MOST of Dorset’s 150 homeless people have been staying in Weymouth during the lockdown – although some have now moved on.

A small number were driven for an hour to get there – taking them away from places where they had support networks in place.

The Dorset Council tactic has been questioned by the chair of the resources scrutiny committee, Cllr Piers Brown who asked council leader Spencer Flower to justify the policy.

“Quite often people who are homeless suffer with other issues, be that mental health, or substance abuse… my understanding is that we have placed all of our homeless community into one hotel and that has caused, possibly, social issues in that environment and also in the local area to be exacerbated,” he said.

He asked for the policy to be re-considered should the need arise again.

“Is it right to move people from one community in Dorset, wherever that may be, to another locality when they have support networks in that location already?” he said at an online meeting.

Councillors were told that not all of those who were brought to Weymouth were in one hotel, but that two other hotels were also being used.

Cllr Flower said he had received calls from other councillors about the situation and was aware of their concerns. He said the council had found itself having to act on Government instructions to get people off the streets within a couple of days and that only the Weymouth hotels had offered accommodation.

Adult social care brief holder Cllr Laura Miller said that prior to the restrictions the council had 74 households in B&B accommodation and at the moment has 147 being accommodated.

She said that since the restrictions were eased some had moved into other temporary accommodation. All the people being helped did have a local connection, she said, and if they did not were ‘re-connected’ with their original area, often being driven there by council staff.
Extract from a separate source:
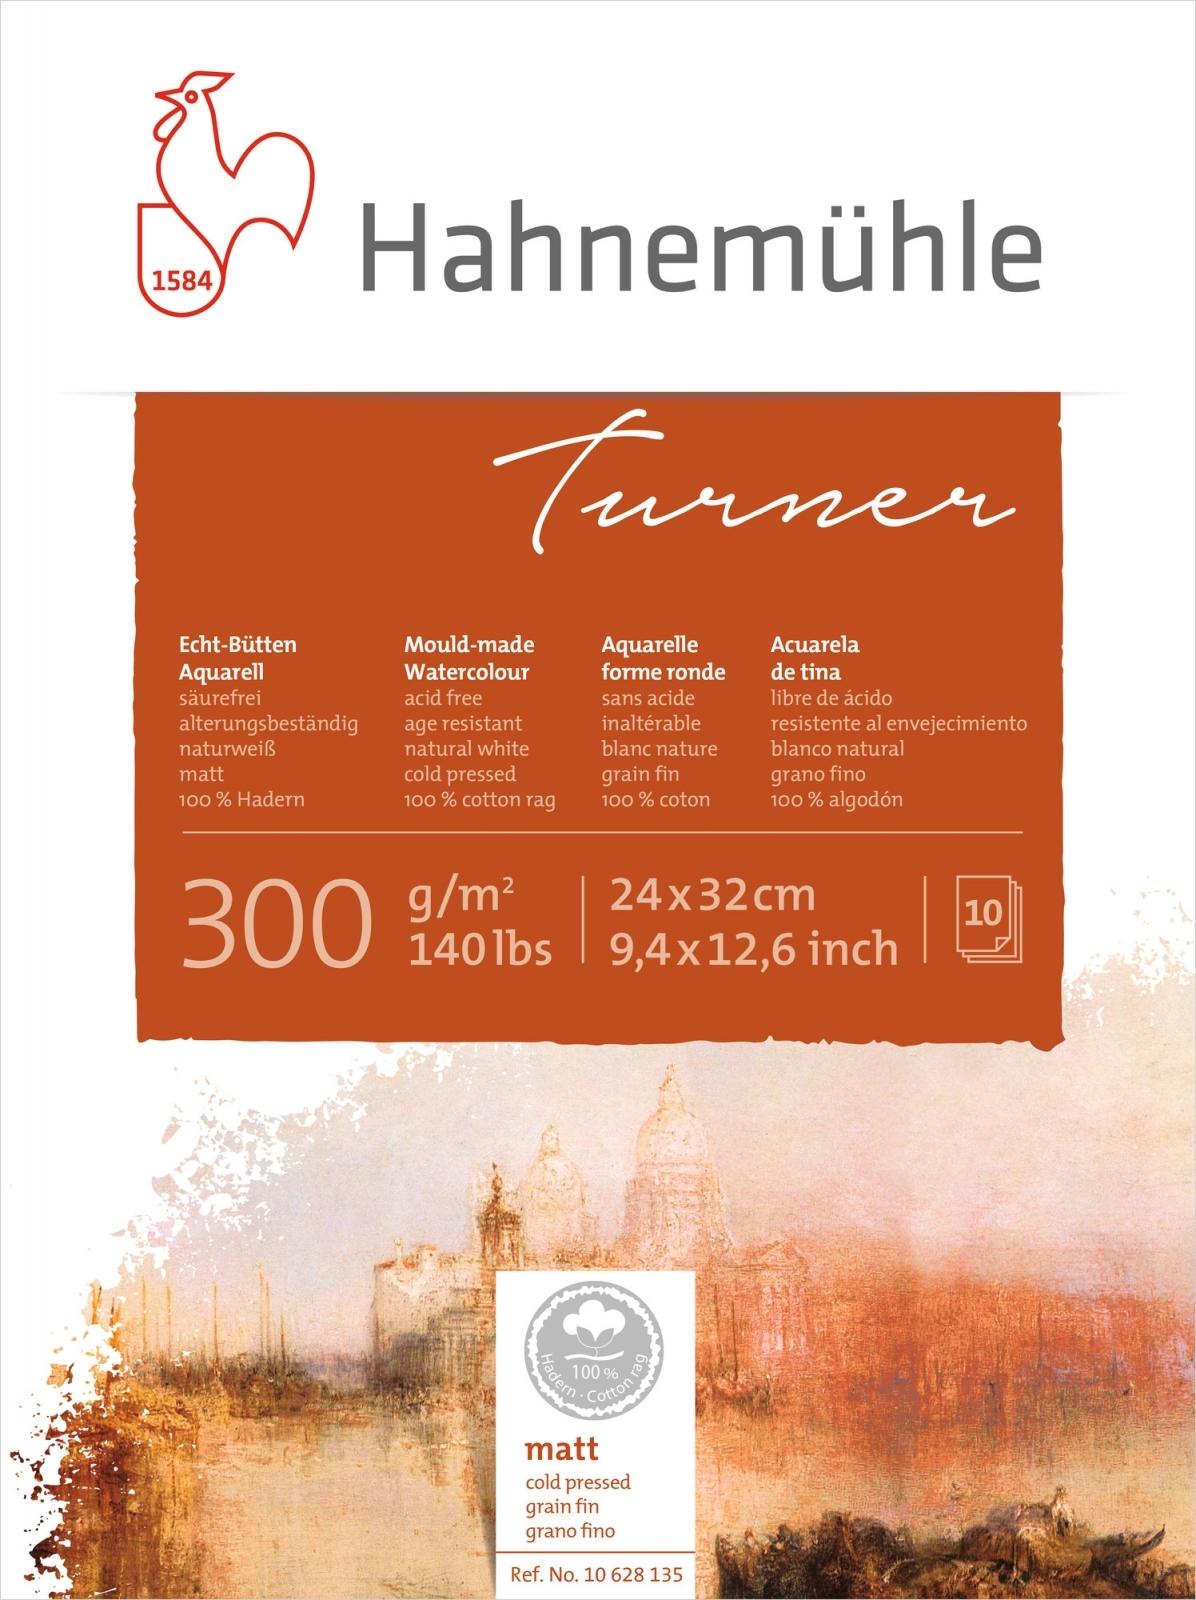 Papel Hahnemuhle William Turner Textura Fina 300g/m2 24x32 10fls (10628135) - Papelaria Botafogo

She said that of the 147 currently being accommodated by the council 72 were from the Weymouth and Portland area; 38 were from West Dorset, of which 34 were in Weymouth; 12 were from North Dorset, 9 of which were in Weymouth ; of the 17 from East Dorset 7 were in Weymouth and of the 7 from Purbeck 2 were in Weymouth.

“You can see those numbers speak for themselves. There is a severe shortage of temporary accommodation…there were only a small number of hotels who were prepared to offer support and those, primarily, were in Weymouth seafront area.”

She said that housing officers did try to avoid moving people away from areas where that had support. She said the situation was ‘not ideal, but the best we can do’ with the restrictions and limited amount of available accommodation. She added that Weymouth, because of its pre-existing homeless situation, also had a network of support already in place.

She said in an ideal situation people would be accommodated near their networks of support: “Under normal circumstances we do have to uproot people and that’s far from idea. It’s far from ideal at the moment…but the alternative is that they have nowhere to live. At the moment it is not ideal, but it’s the best we can do.”

The council will be bidding for Government funding for a long-term strategy to tackle the area's homeless situation.